Environmental Protection Agency (EPA).
This regulation establishes an exemption from the requirement of a tolerance for residues of the biochemical pesticide prohydrojasmon (PDJ) when used as a plant growth regulator in or on apple and grape pre-harvest, in accordance with label directions and good agricultural practices. This regulation eliminates the need to establish a maximum permissible level for residues of PDJ.
This regulation is effective December 11, 2013. Objections and requests for hearings must be received Start Printed Page 75255on or before February 10, 2014, and must be filed in accordance with the instructions provided in 40 CFR part 178 (see also Unit I.C. of the SUPPLEMENTARY INFORMATION).

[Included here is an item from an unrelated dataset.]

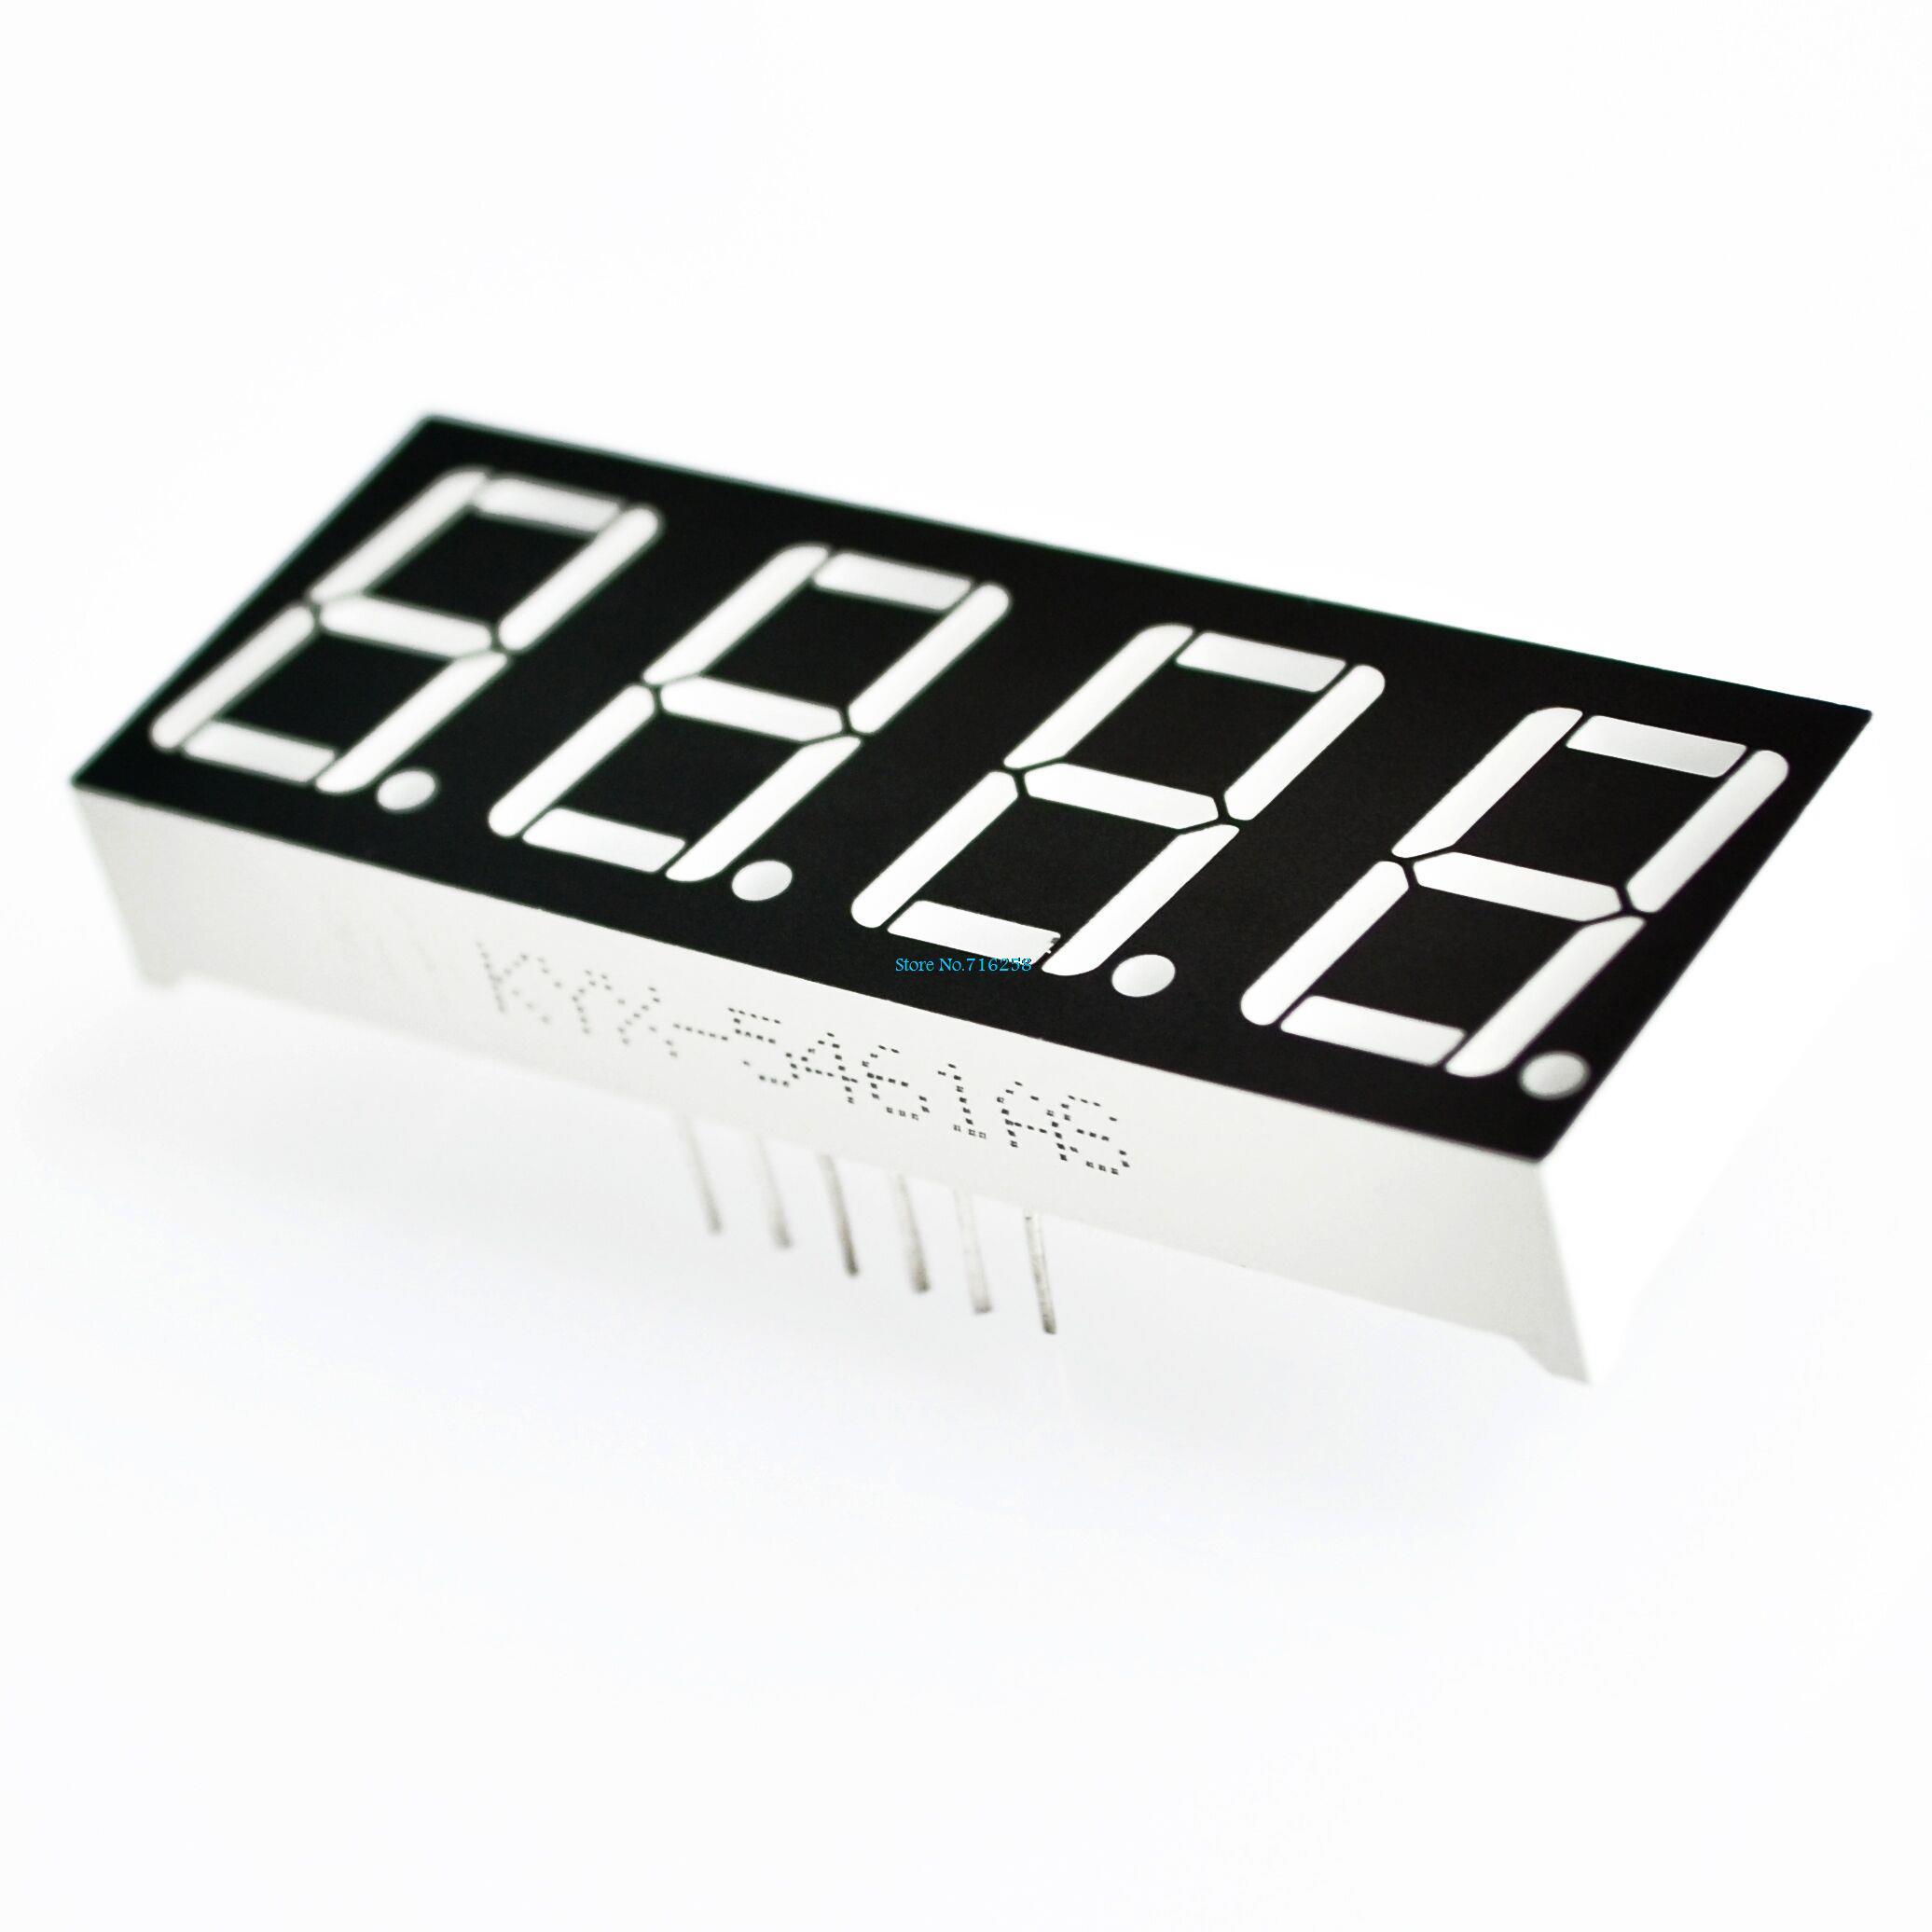 Best-Price-5pcs-lot-0-56-Inch-7-Seven-Segment-4-Digits-Red-Clock-LED-Display-Common-Anode-Time-12-Pins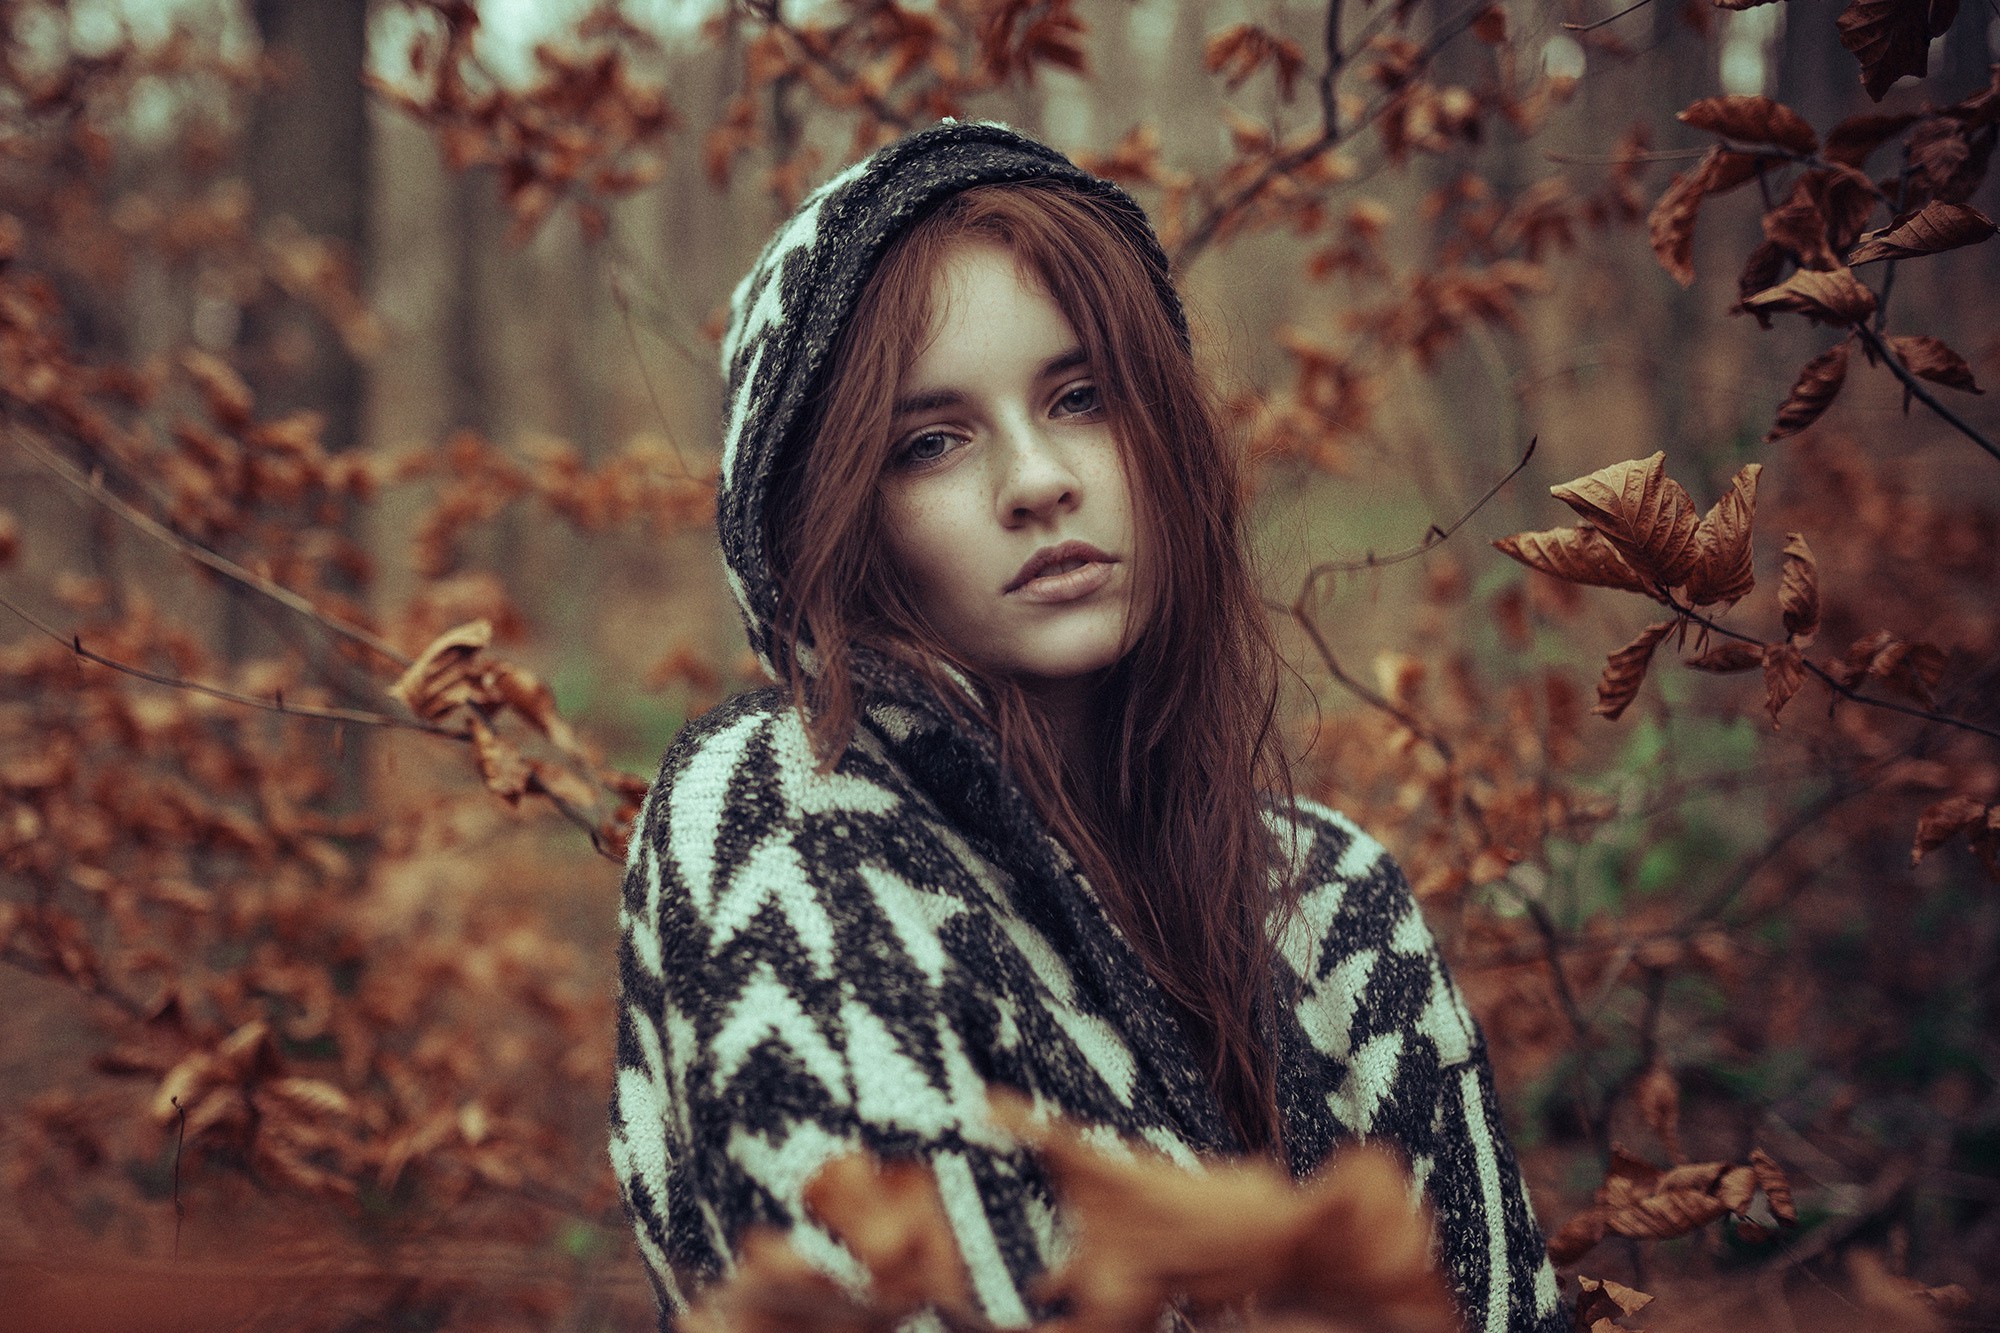 women, Model, Redhead, Long Hair, Women Outdoors, Looking At Viewer, Nature, Trees, Forest, Sweater, Leaves, Branch, Fall, Hoods, Open Mouth, Freckles, Depth Of Field Wallpaper

The docket for this action, identified by docket identification (ID) number EPA-HQ-OPP-2012-0832, is available at http://www.regulations.gov or at the Office of Pesticide Programs Regulatory Public Docket (OPP Docket) in the Environmental Protection Agency Docket Center (EPA/DC), EPA West Bldg., Rm. 3334, 1301 Constitution Ave. NW., Washington, DC 20460-0001. The Public Reading Room is open from 8:30 a.m. to 4:30 p.m., Monday through Friday, excluding legal holidays. The telephone number for the Public Reading Room is (202) 566-1744, and the telephone number for the OPP Docket is (703) 305-5805. Please review the visitor instructions and additional information about the docket available at http://www.epa.gov/dockets.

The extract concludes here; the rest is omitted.